In a 2007 article published in China Media Research [20], Gunaratne demonstrated how the Chinese yin-yang model [22] could be deployed to explicate global freedom of the press. This model presumes that everything has its complement/opposite (just as quantum physics asserts that every particle has an anti-particle). Therefore, libertarianism (in governance or in media freedom) must co-exist with authoritarianism in a continuum. The push and pull of these two forces determine global media freedom, as well as that of each nation-state. Gunaratne asserts that this continuum takes a spiral form because it recognizes the possibility of quantum jumps from libertarianism to authoritarianism or vice versa following coups or revolutions. It also recognizes governance and freedom as dynamic processes without the bias of Western ideology.

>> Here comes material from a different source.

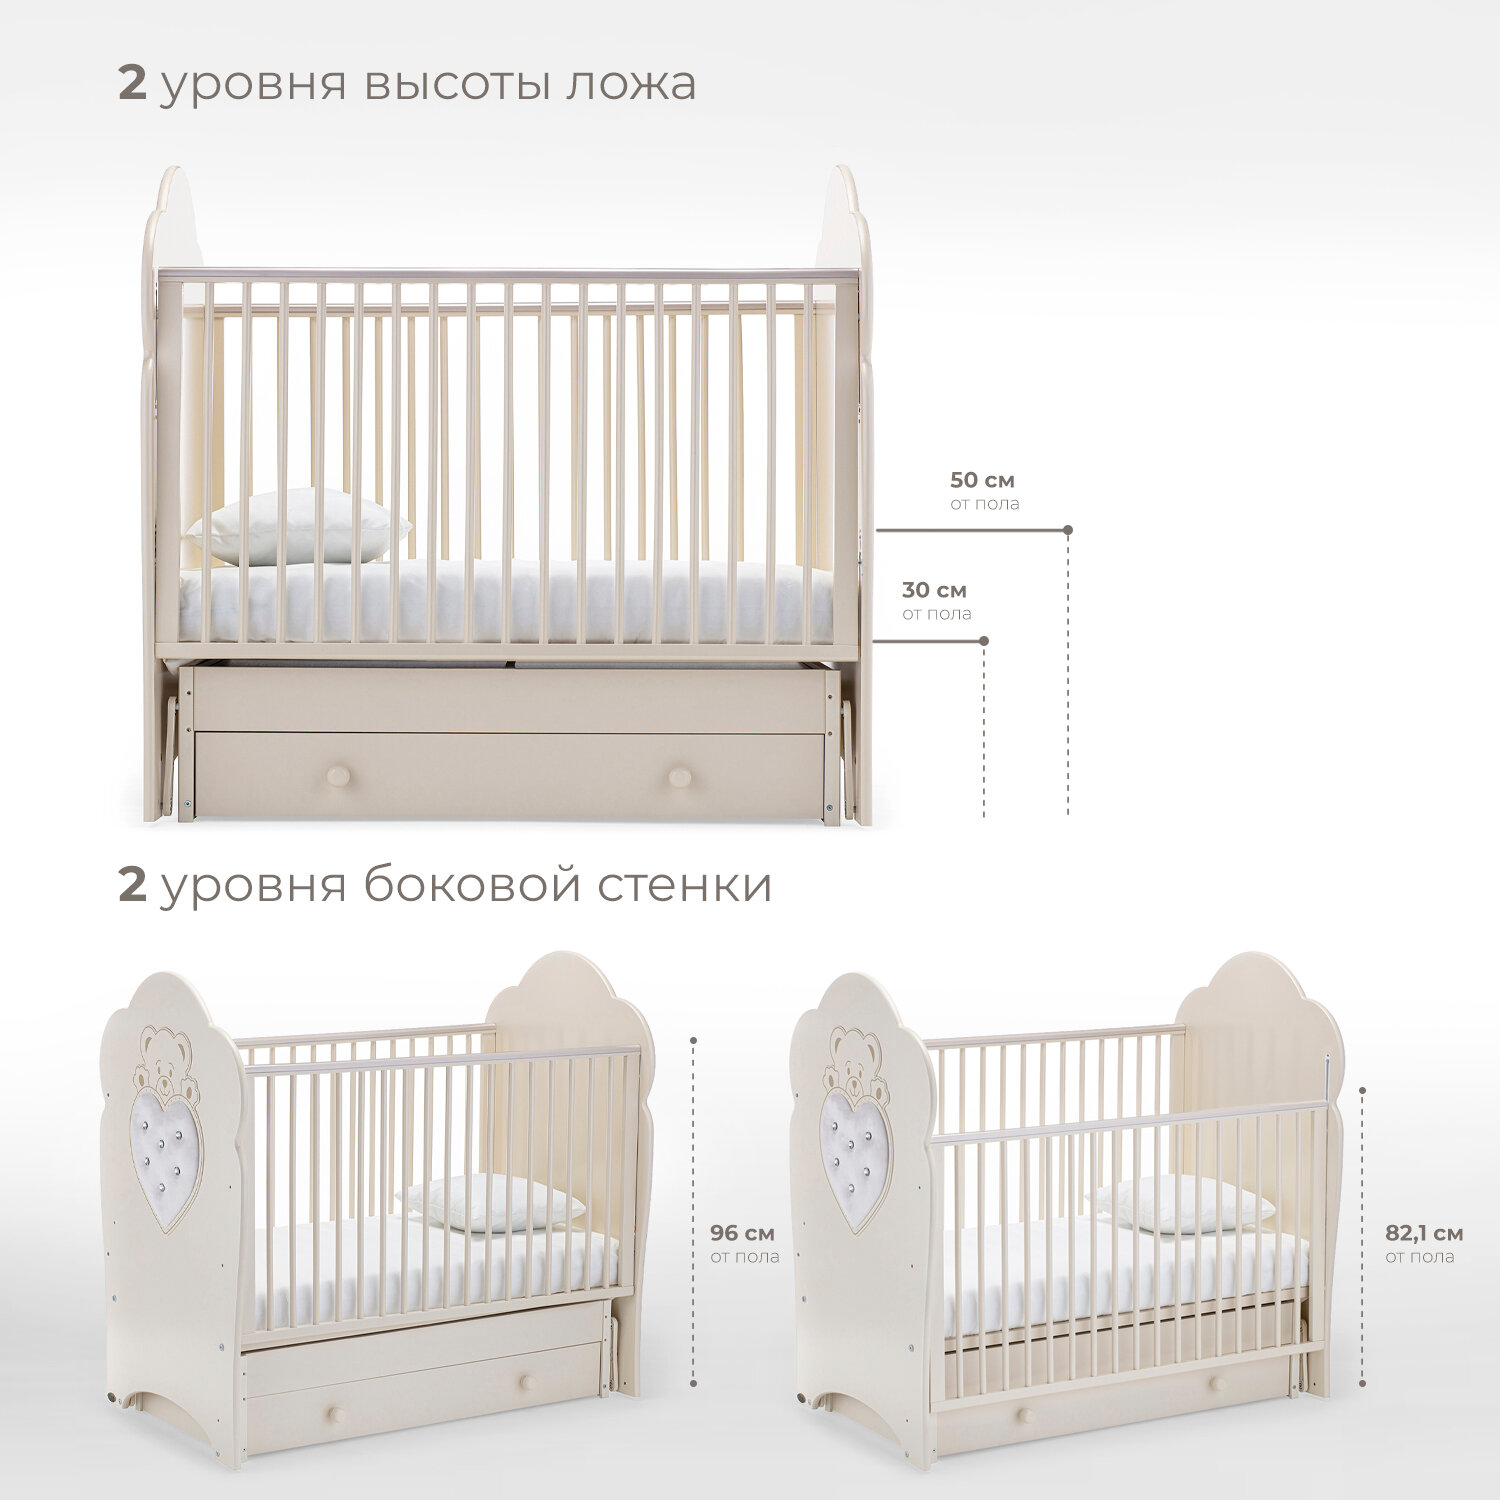 Детская кровать Nuovita Fortuna Swing, белая - фото №3

=== Path breaking and leading works ===

Gunaratne's critique on West-centrism has paved the way for many Indian scholars to look afresh at the Indian media curriculum currently followed in Indian universities. Gunaratne thought that the Indian media education had just been content with the teaching and aping the Western models of communication and media theories. The paper of Murthy (2012) published in Asia Pacific Media Educator has extensively quoted the works of Gunaratne, many of which have been cited below under .

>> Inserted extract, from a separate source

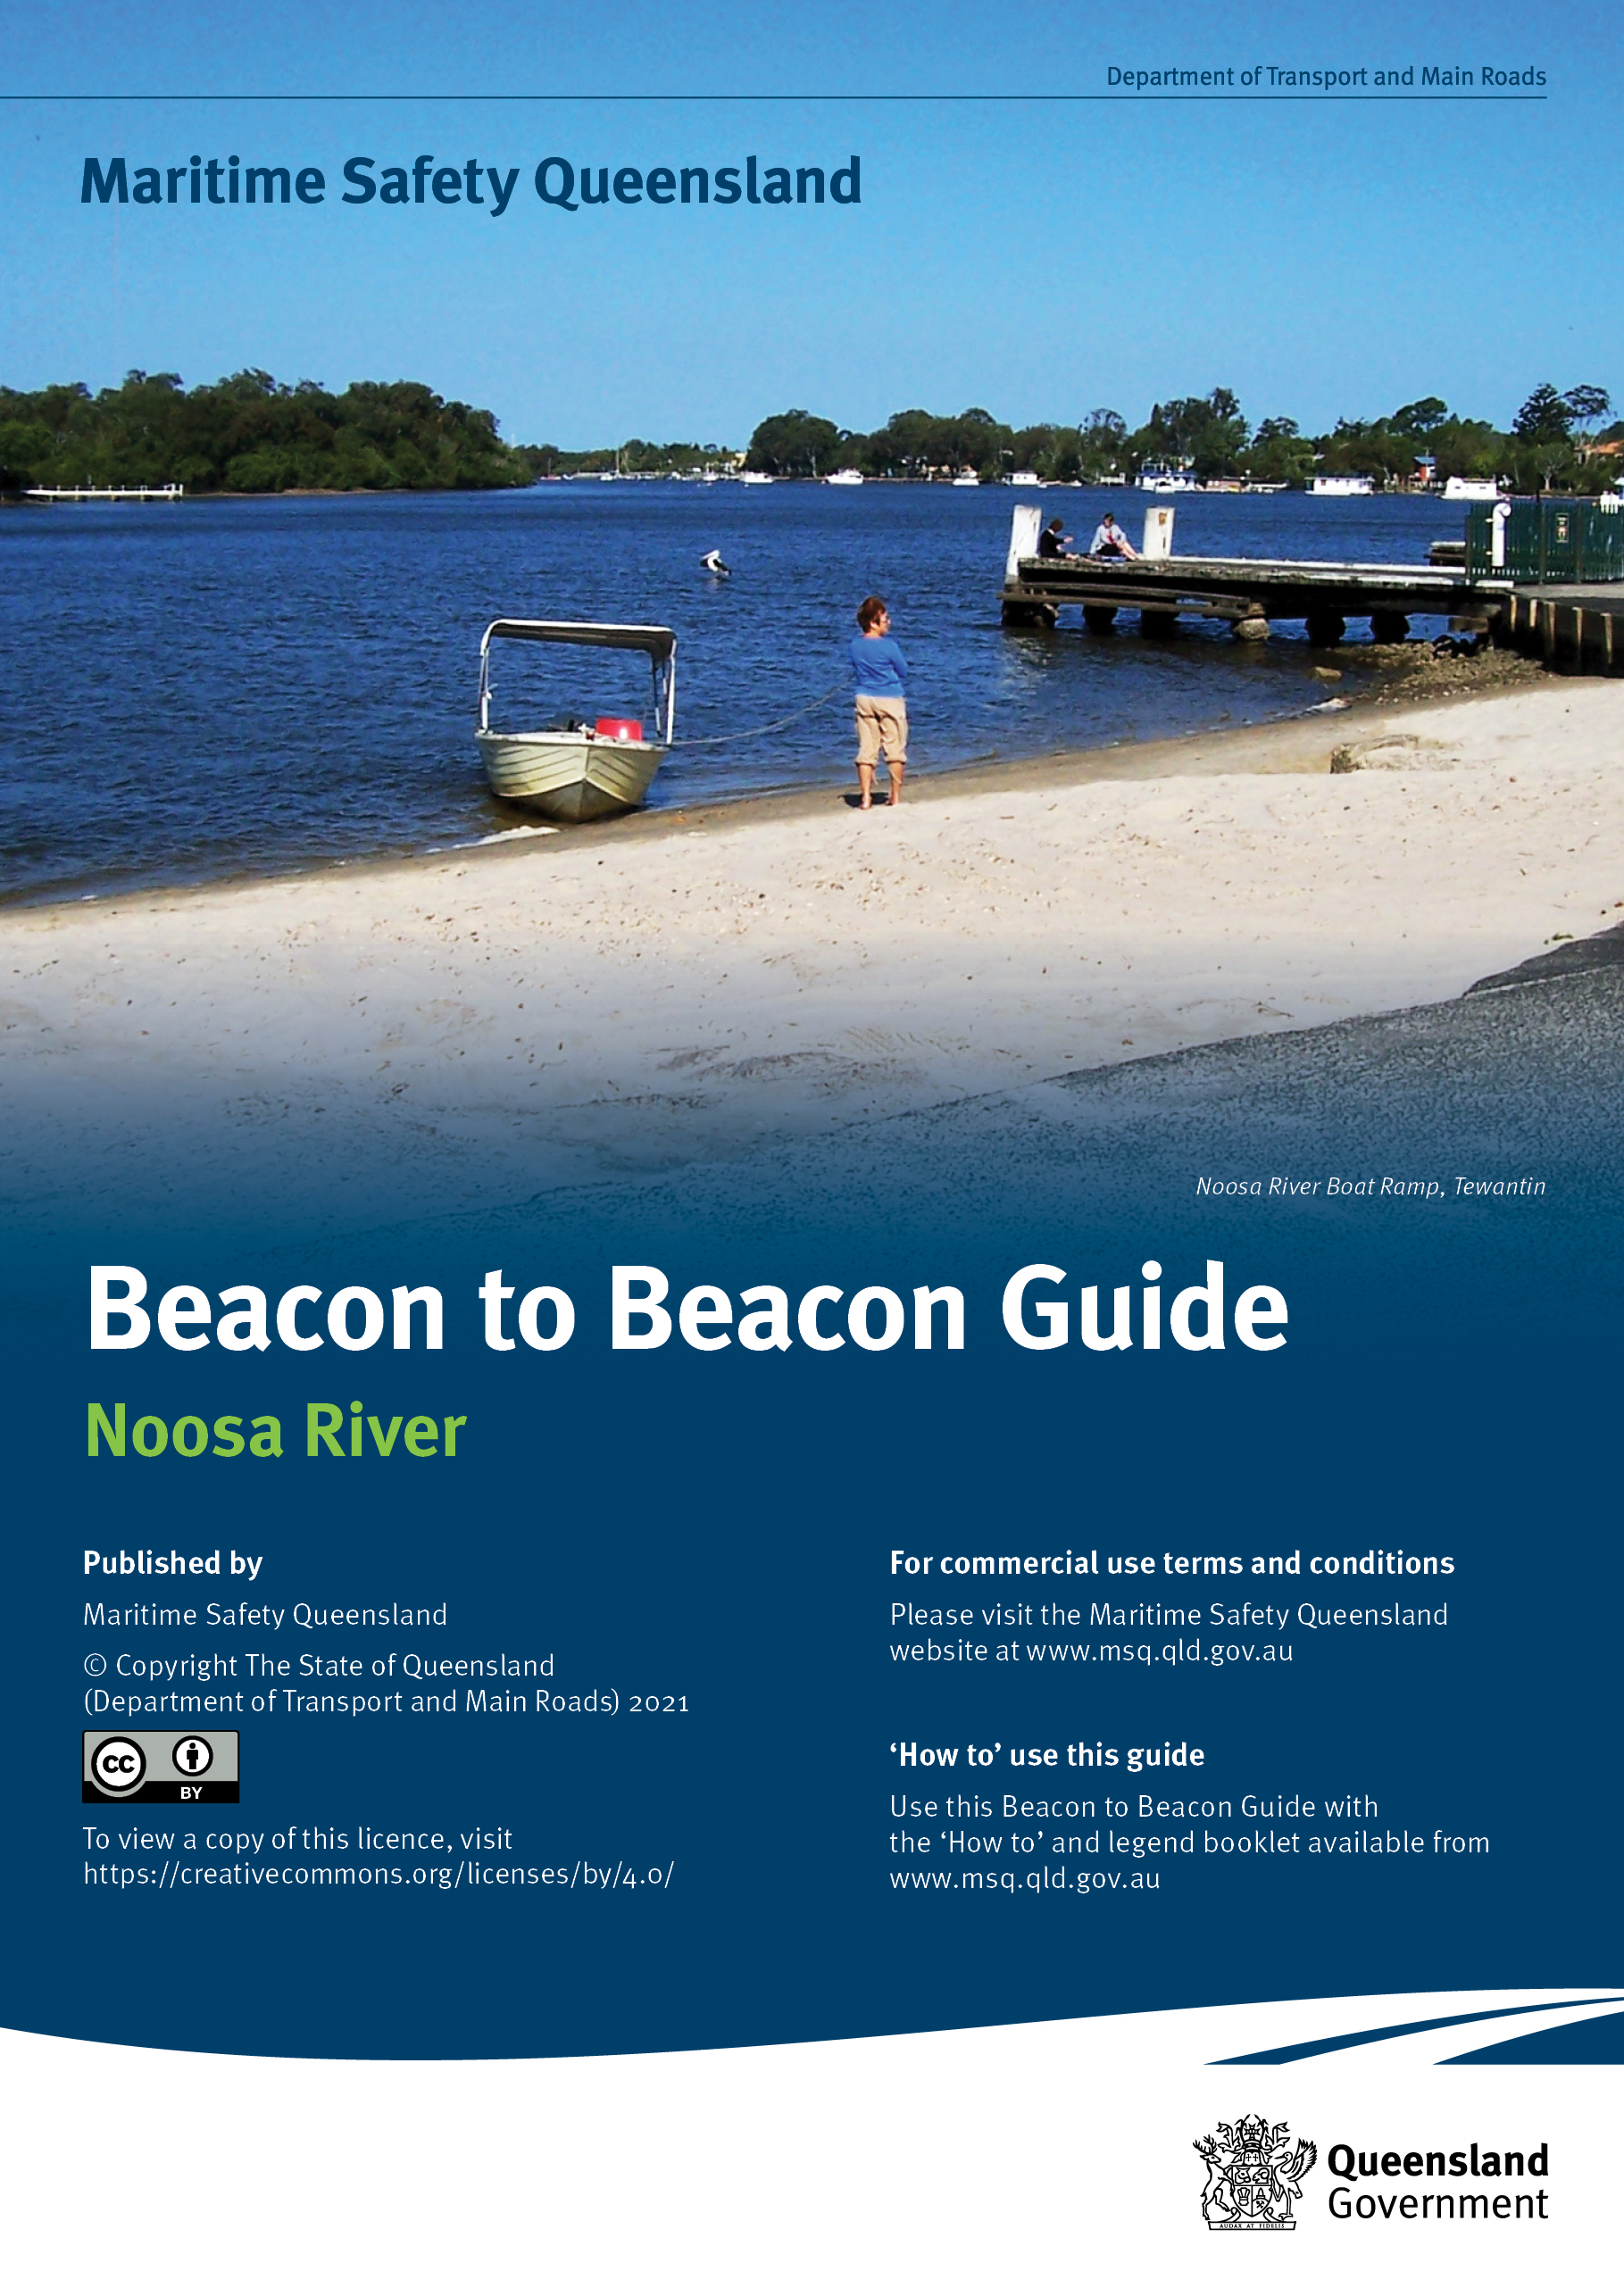 Beacon to Beacon Guide—Noosa River

The way Gunaratne related Buddhist philosophy to the possible practices in print journalism was path breaking. Though some scholars from India had found similar convergence between Indian ethos and Gandhian journalism earlier, those works did not go beyond superficial theorization but Gunaratne has first demonstrated how to scientifically correlate the Buddhist philosophical principles with the media principles of practice such as objective reporting.

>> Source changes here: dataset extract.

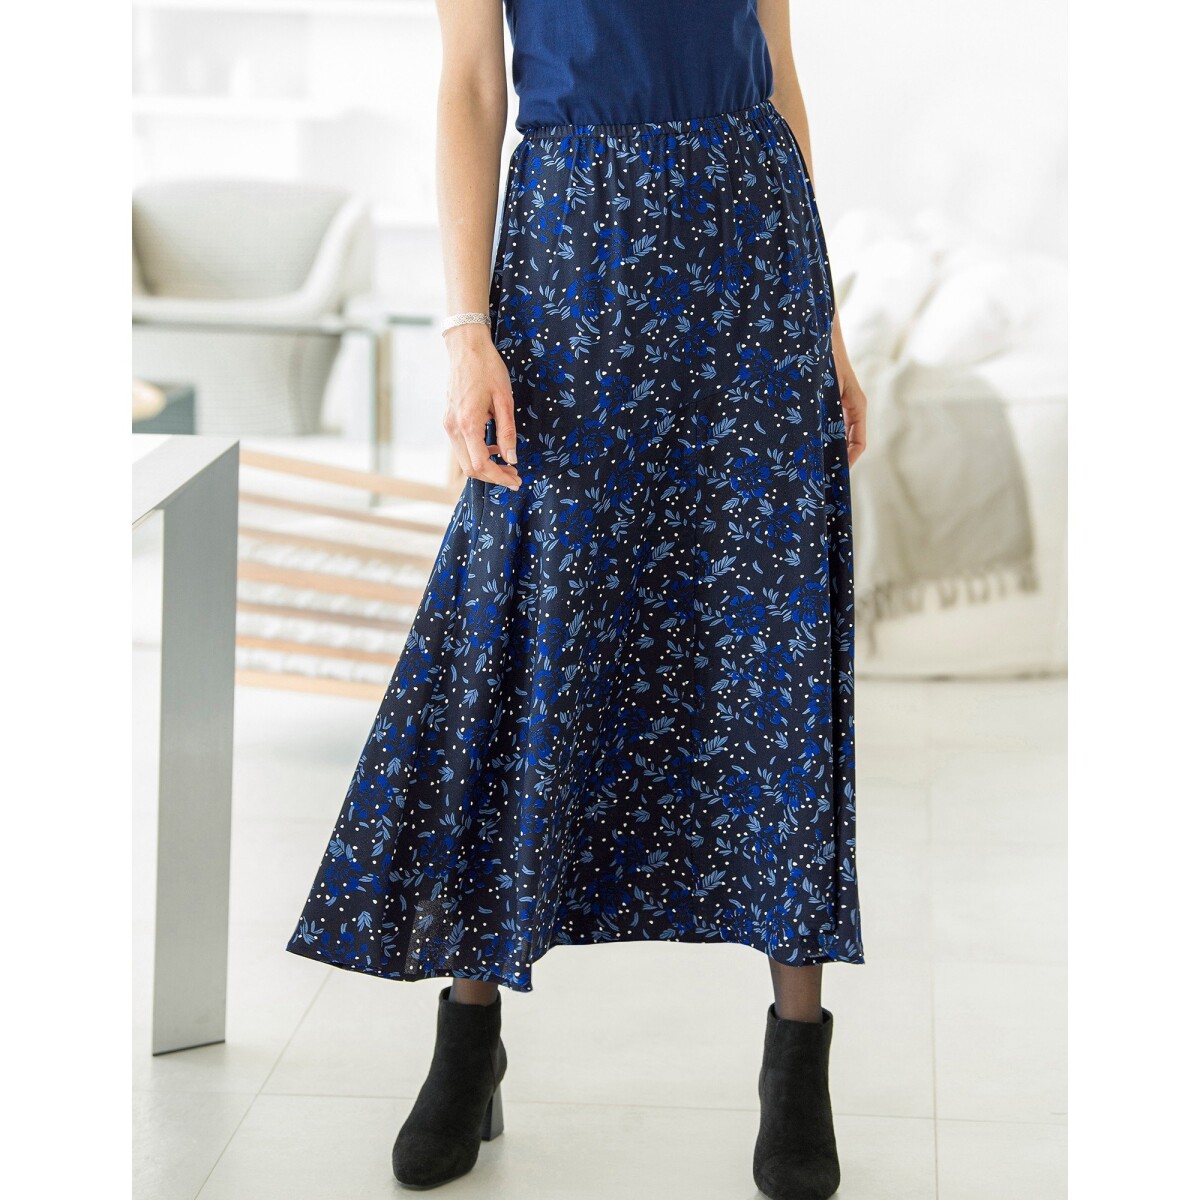 Krepová dlhá sukňa s potlačou čierna modrá 40

The comparison of Buddhist philosophical principles with Daoist philosophy, as done by Gunaratne, offered new insights to authors (like Murthy who engaged in comparing them with other tales in trying to hammer out a new model of communication akin to Vladimir Proppian model) to look at several other works of Buddhism such as the Tripitaka in which a number of tales offer excellent vistas in comparison with Western communication models. Murthy stated that Gunaratne's work will go a long way in so far discovering the richest wealth of communication principles, practices, theories and models that lie in store in the Asian philosophical repertoire, especially Indian.

== Creative works ==

=== Autobiographical trilogy ===

The following three books explicate (a) his upbringing in a rural community in the South, (b) his life as a student, journalist, and college professor, and (c) his life as a traveler.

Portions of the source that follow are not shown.